High-resolution solution structures of oxidized and reduced Escherichia coli thioredoxin

Abstract

Background: Thioredoxin participates in thiol-disulfide exchange reactions and both oxidized thioredoxin (disulfide form) and reduced thioredoxin (dithiol form) are found under physiological conditions. Previous structural studies suggested that the two forms were extremely similar, although significant functional and spectroscopic differences exist. We therefore undertook high-resolution solution structural studies of the two forms of Escherichia coli thioredoxin in order to detect subtle conformational differences.

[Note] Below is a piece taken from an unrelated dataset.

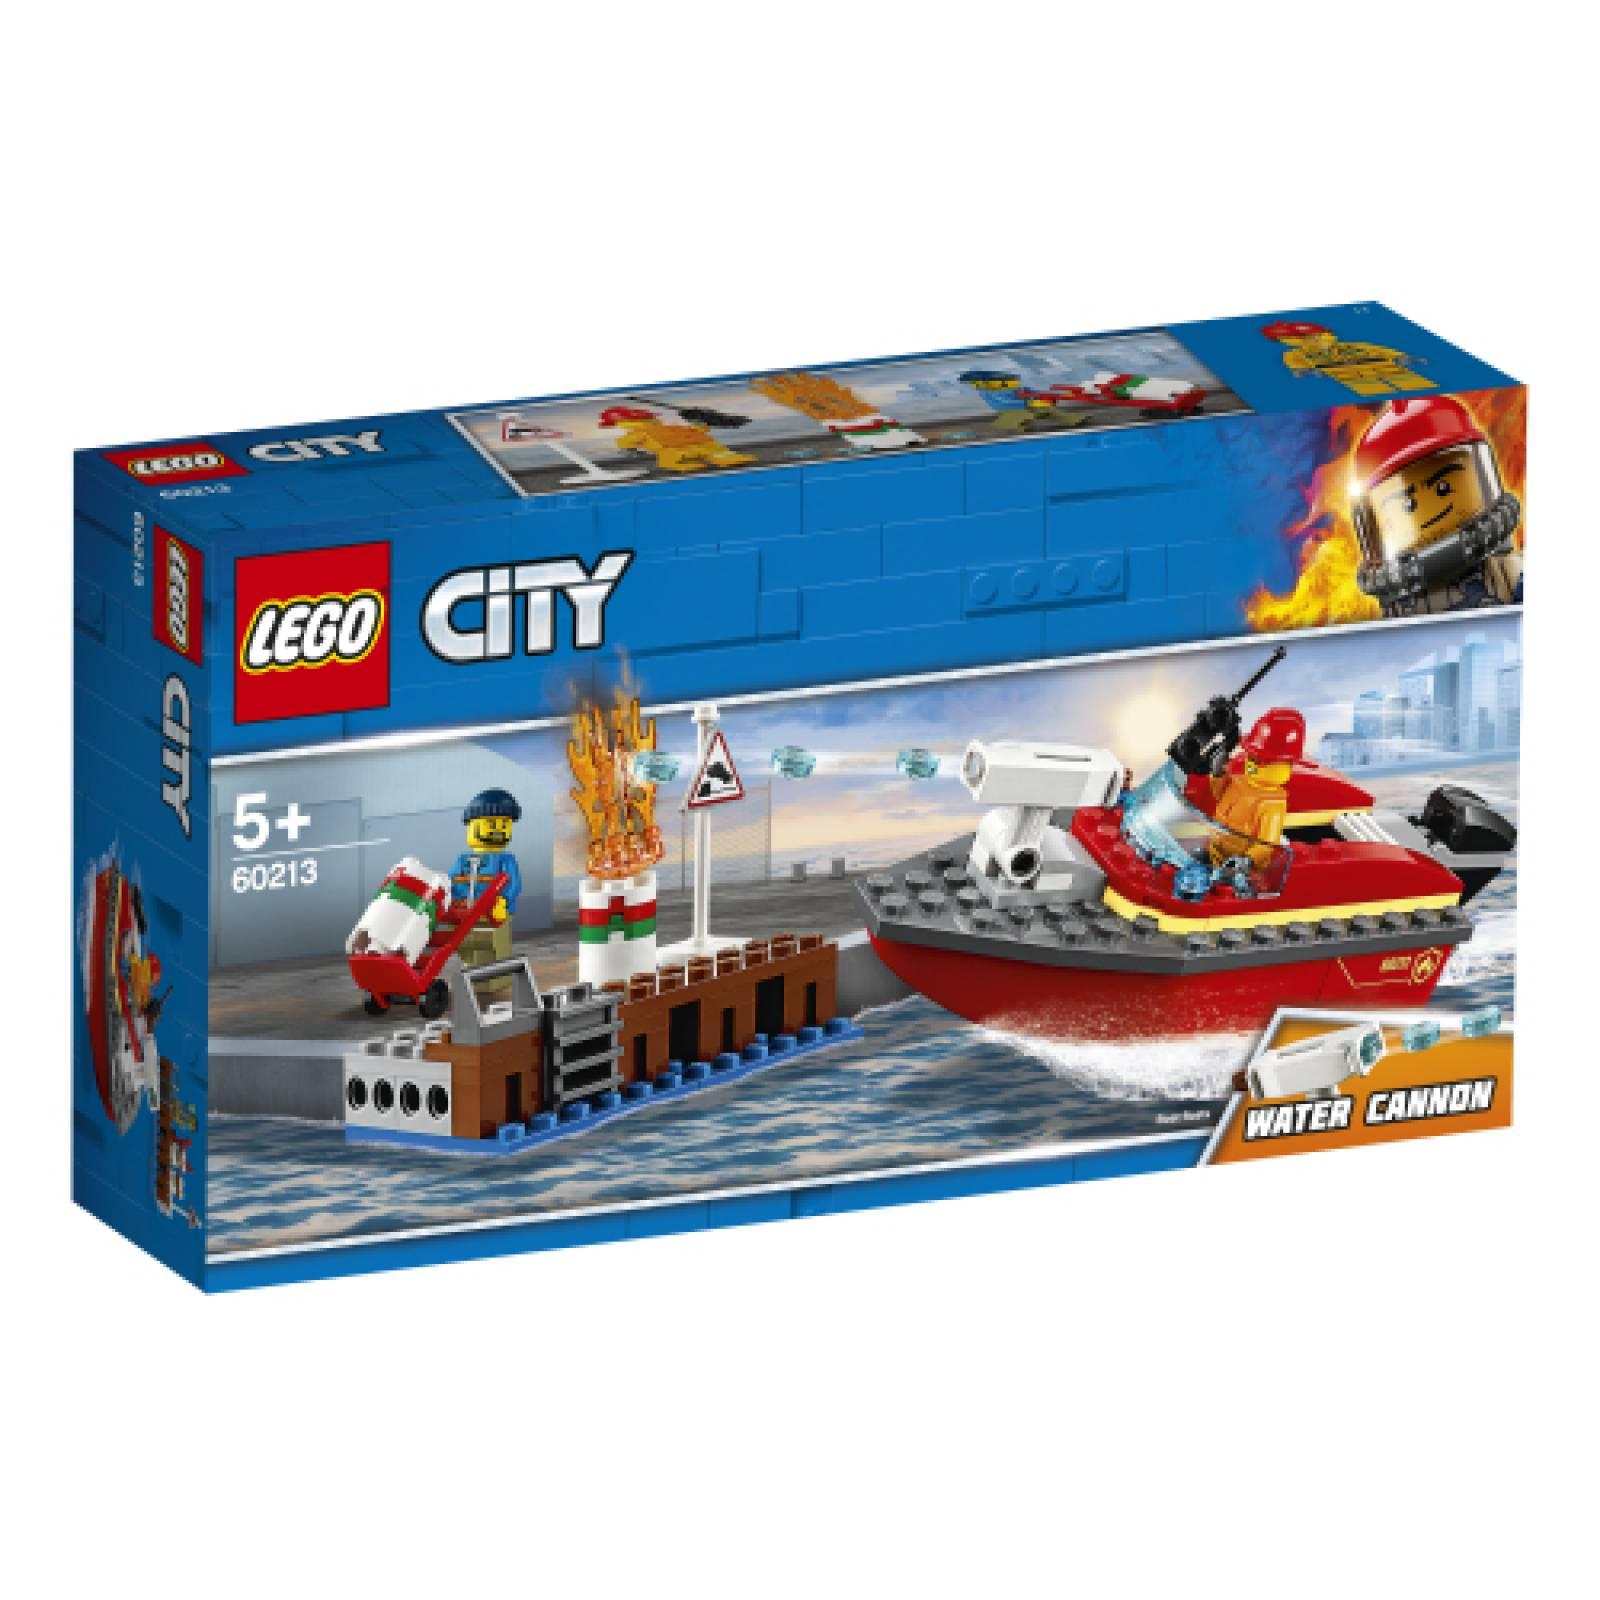 LEGO City Dock Side Fire 60213

Results: The solution structures of reduced and oxidized thioredoxin are extremely similar. Backbone structure is largely identical in the two forms, with slight differences in the region of the active site, which includes Cys32 and Cys35. The side chain sulfur atom of Cys32 is tilted away from that of Cys35 in the reduced form of the protein to accommodate the increase in S-S distance that occurs upon reduction of the disulfide, but the chi 1 angles of the two cysteines remain the same in the two forms.

Conclusions: Only subtle conformational changes occur upon changing the oxidation state of the active site cysteines, including the positions of some side chains and in hydrogen bonding patterns in the active site region. Functional differences between the two forms are probably therefore related to differences in local conformational flexibility in and near the active site loop.